This competition from 2021 had the objective of detecting extraterrestial signals, and that is by no mean an easy task...
- Data is 70GB
- Signals are really few
- Each sample consist in 6 spectrograms.
- Each spectrograms is the taken from the telescope for 5 minutes or 300 seconds
This was particularly challenging in several ways:
- First there is a huge dataset consisiting on 70GB
- On a first approach what I did was to read the spectograms as numpy arrays on disk each time up to 256 at once.
- In the end what works best was building a TF Record to latter load in batches faster. This approach allowed me to train way faster.
- Then the other proble is how to process the spectograms, and for that I've decided to treat them as images. But that is not all also as a sequence. Thus my data consist on a sequence of 6 images.

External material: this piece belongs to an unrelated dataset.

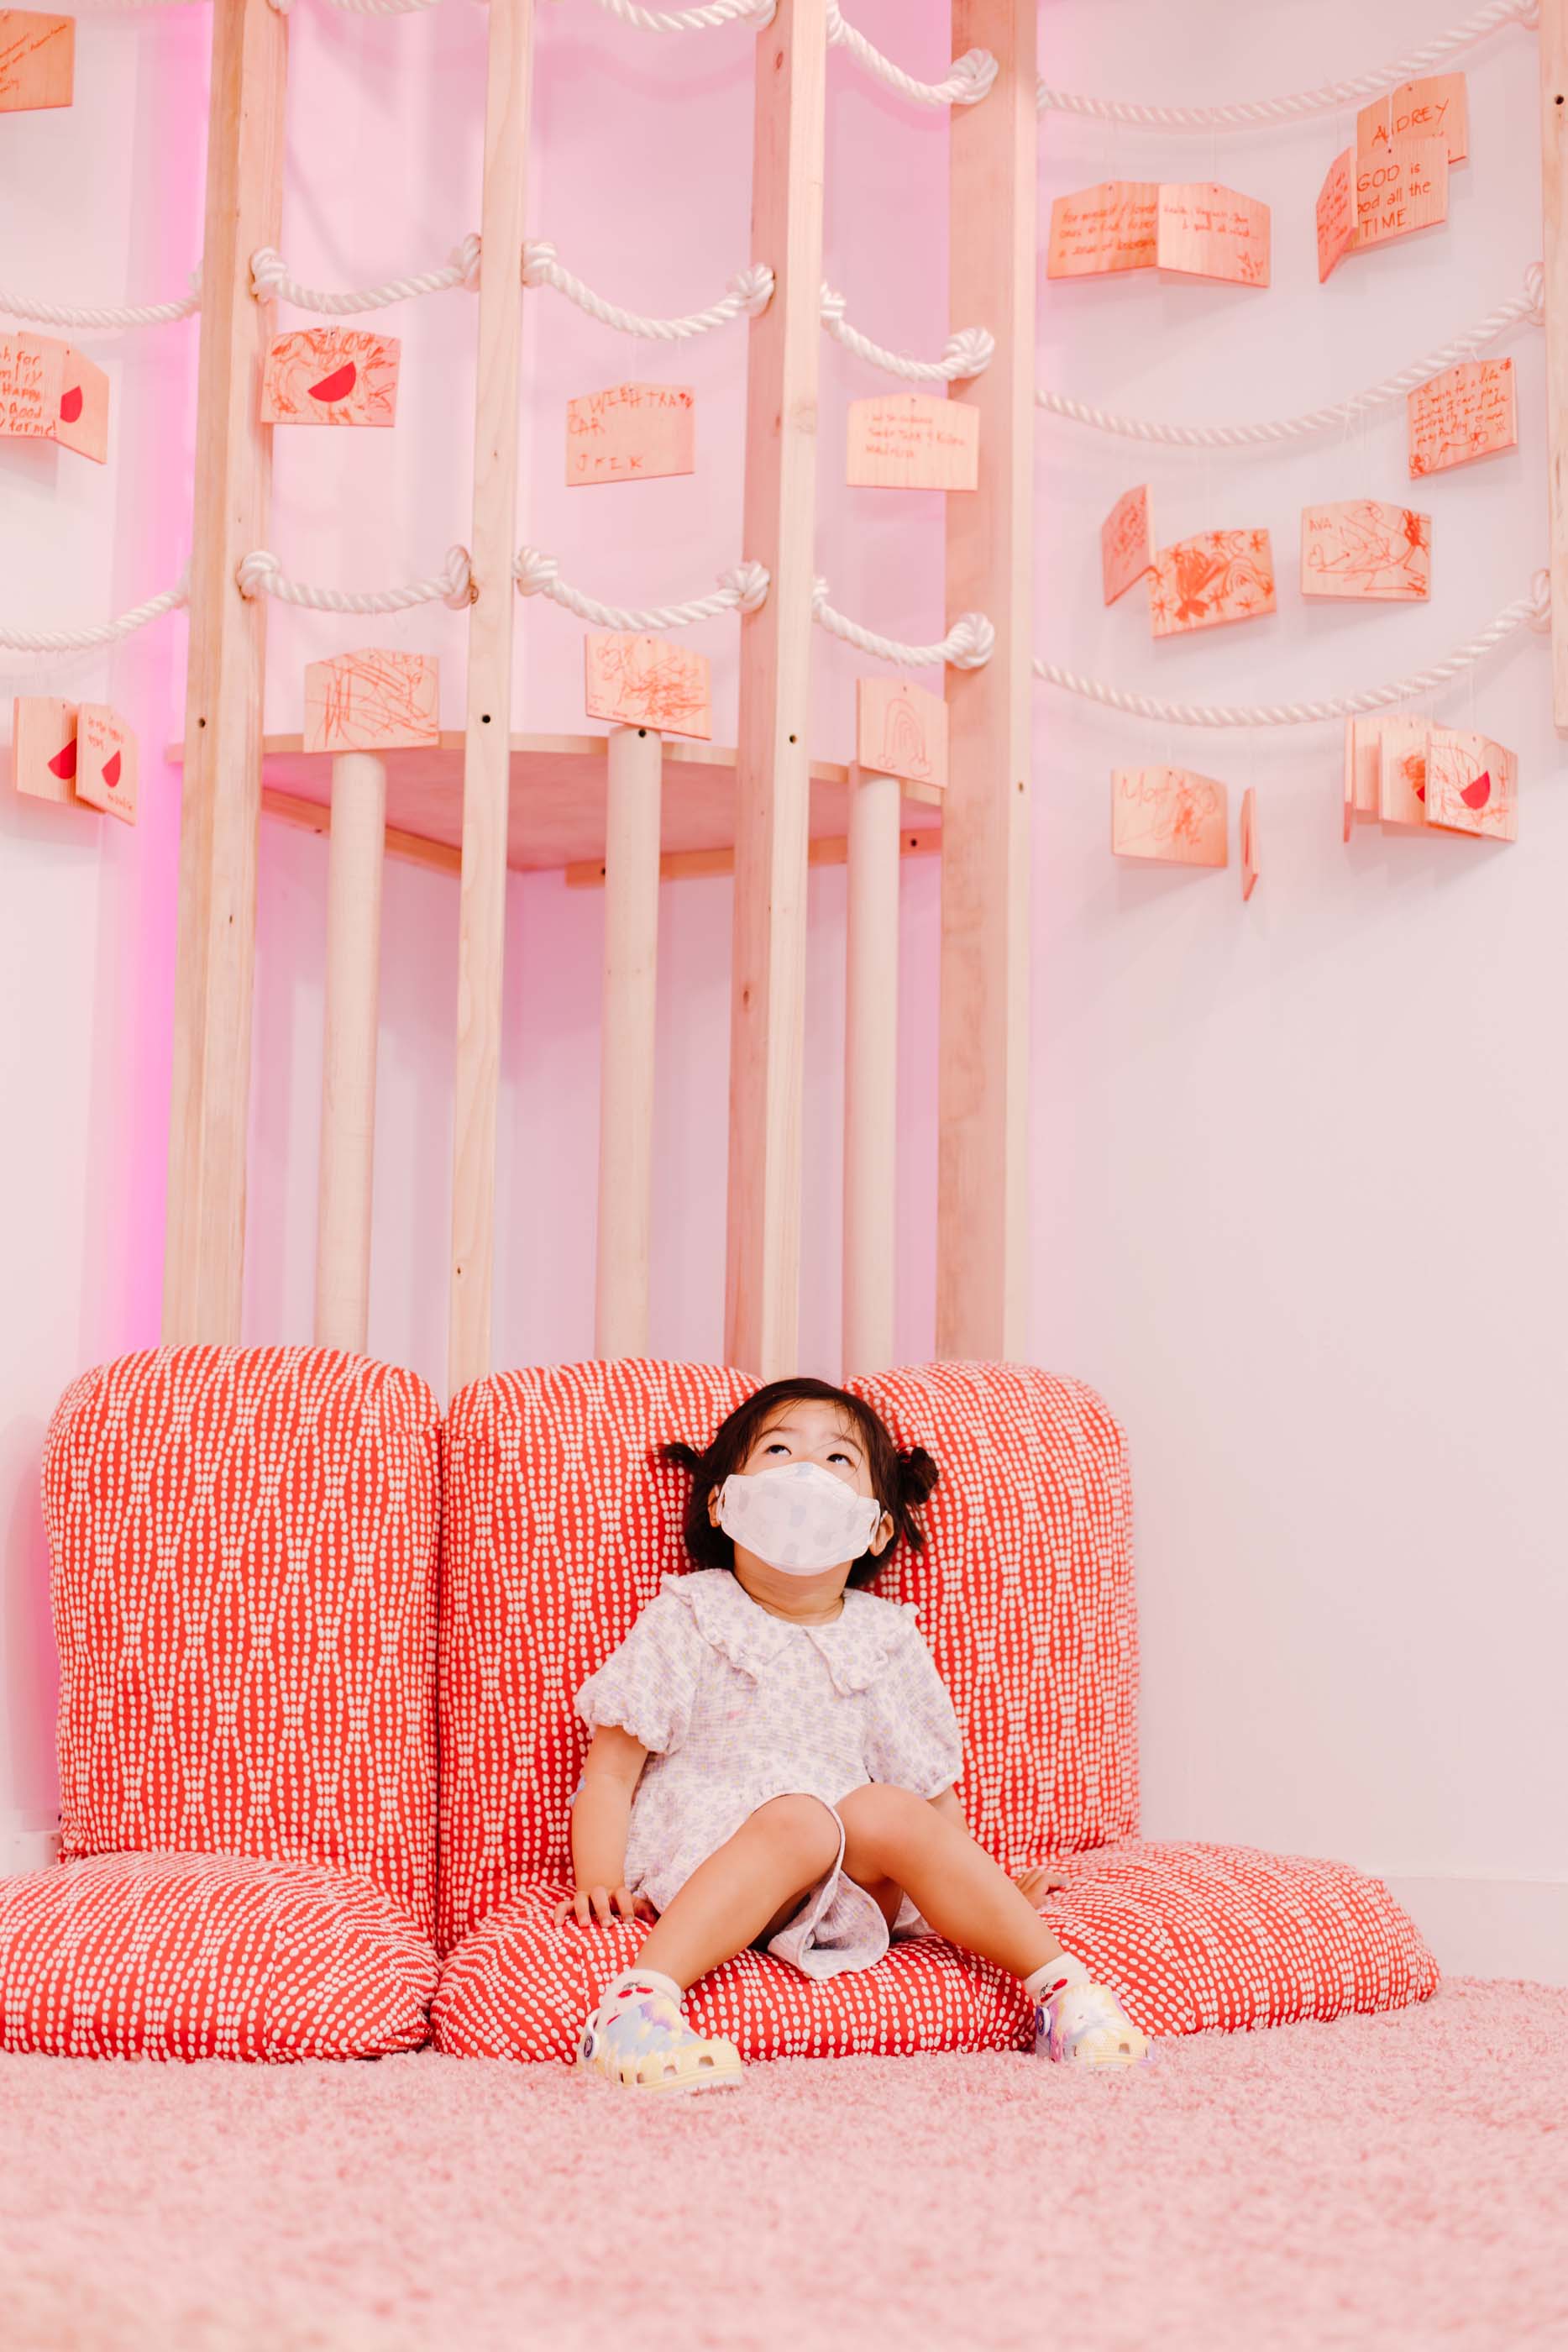 孩子坐在粉红色的垫子上

- Data proportions arroud only 10% are signals the other 90% are not. Thus that is my baseline. If I always predict 0 I would get a 90% accuracy.
- Data can be found here
kaggle competitions download -c seti-breakthrough-listen
Or here for manual downloadhttps://www.kaggle.com/competitions/seti-breakthrough-listen/data
Reflexions: I did not get a good result, but at the same time I do not think the approach was all wrong. I've realized to treating it as a classification problem is not the correct way to deal with this kind of problem. This is in nature a detection problem not a classification one.
That is, for now, I will go back to this competition with another approach later this year.